The initiative’s readiness assessment is a first step toward improving early transition planning, Dr. Greenlee said. The tool allows pediatricians to measure the knowledge and skill level of patients in the years leading to transition age, and enables doctors to fill any gaps before the transfer occurs.

The tool helps physicians gauge “what this young adult needs to know before they go out into the adult world and take on self-management,” she said. “Making sure they know how to fill a prescription, how to take their medications, know signs and symptoms of a crisis – that sort of thing.”

To enable better communication between providers, initiative leaders created the transfer summary, a hand-off outline that includes critical items the receiving clinician should know about the patients, such as information about their conditions, personal interests, or special needs. The third tool launched by the initiative – a self-management assessment – is a resource for adult care providers to measure the patients’ skills and knowledge once they begin adult care.

Overcoming obstacles to transition

The path to smoother patient transitions is not without bumps in the road. Adding time and new tools to physicians’ already heavy workloads can be challenging, Dr. Greenlee said.

“One of the biggest challenges is the time it takes on both sides,” she said. “Here we’re saying, ‘Here’s more to do.’ As a pediatrician, you’re gong to be preparing and educating [patients] in self-management and trying to get the parents engaged. There’s extra work.”

But helping pediatricians understand the bigger picture results – better outcomes, improved quality, lower health care costs – is key to acceptance, according to initiative leaders.

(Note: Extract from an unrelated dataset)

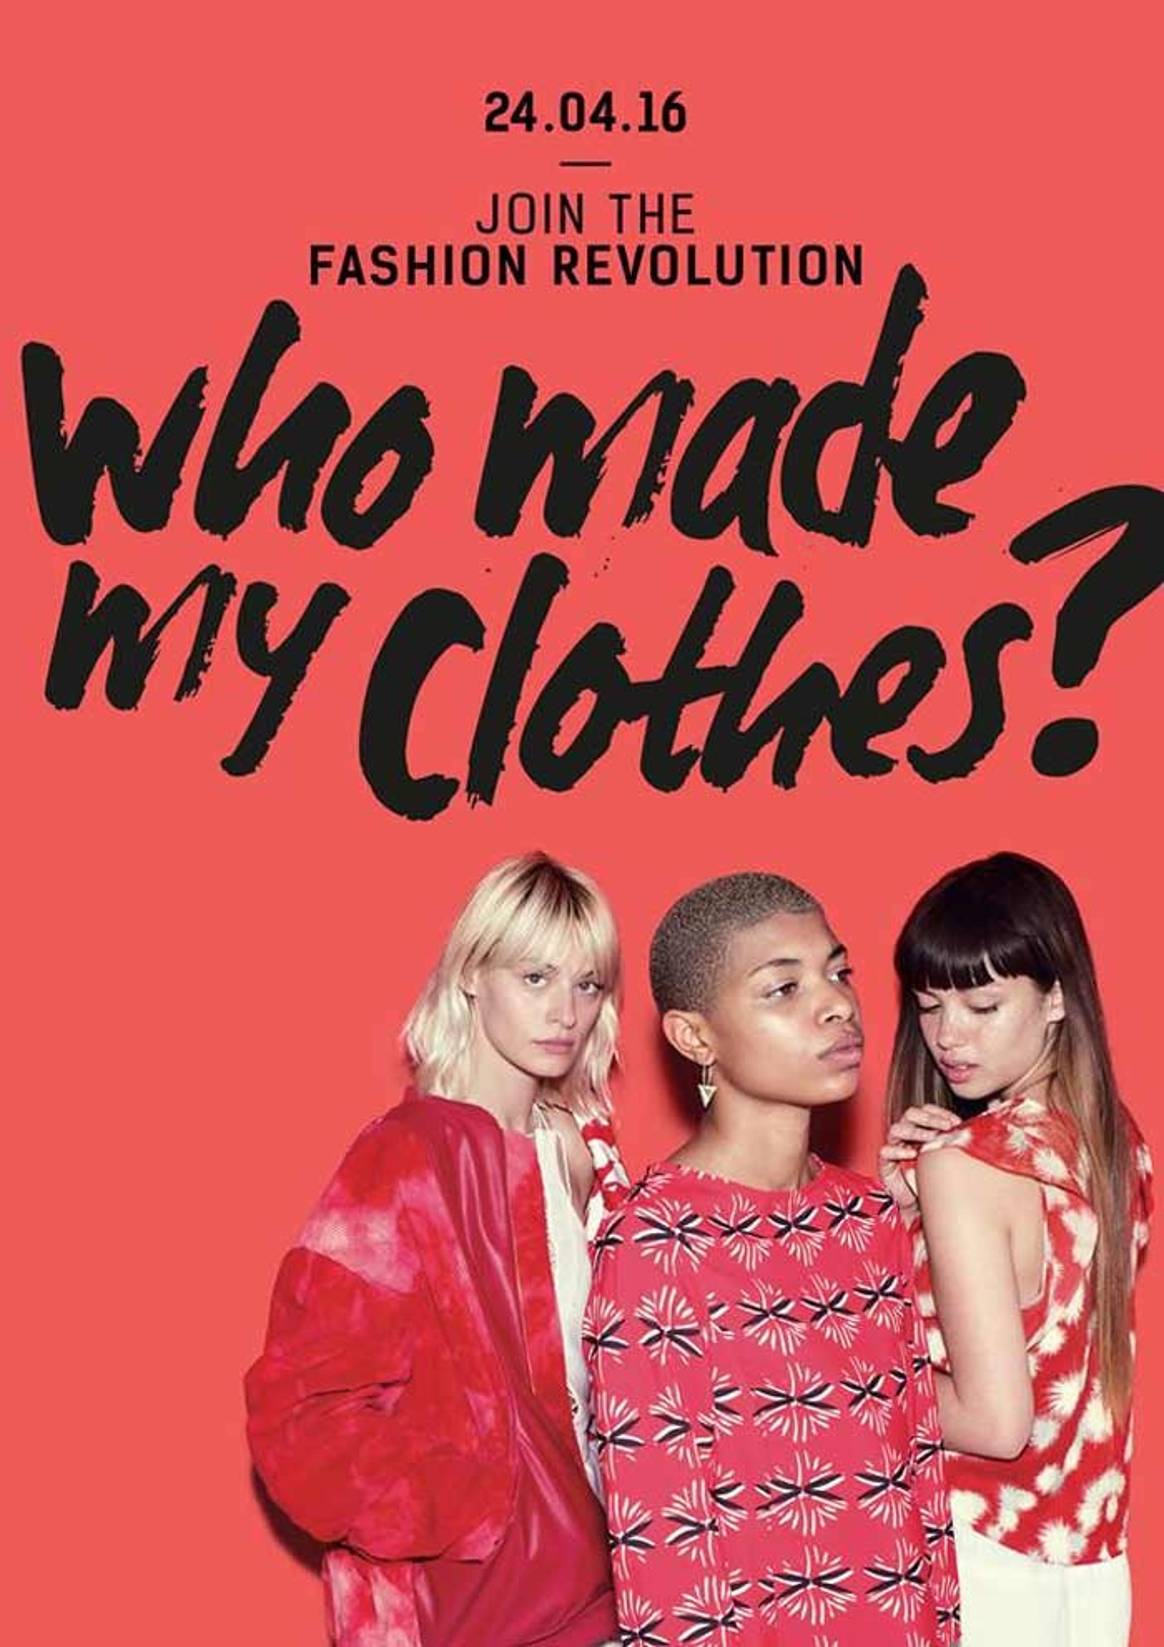 Fashion Revolution: luchando por una moda más justa

Strengthening communication between pediatric and adult practices also is critical to making the transition tools effective, added Dr. White. Pediatric practices cannot make successful transfers alone.

“The challenges are to find the partnerships that you need to start it, and the next big challenge is the buy-in,” she said. “You’ve got to get your leadership and senior physicians in a practice to agree that this is something they’re going to do. What’s frustrating for families is when different physicians use different modes of this whole process.”

Reimbursement for transition-related care is an ongoing climb, added Dr. Talente. In the past, physicians have struggled to receive payment for certain nonvisit time needed for transitions, he said.

However, Got Transition recently made headway toward improved payment, Dr. White said. Code 99420 now can be used to bill for transition readiness assessments conducted with youth and self-care assessments conducted with young adults. Got Transition and several physician specialty organizations also have developed a payment work group to address transition care codes. Got Transition offers a coding and reimbursement tip sheet to aid doctors in billing for pediatric to adult transitions.

Dr. Greenlee said she hopes that more pediatricians will start using the tools developed by the initiative, and she recommends reviewing the Got Transition website (www.gottransition.org) and considering how to incorporate transition efforts into practices.

“Start with a policy,” she said. “Start thinking about your approach and then make that approach intentional. My advice … is to just start with one step at a time.”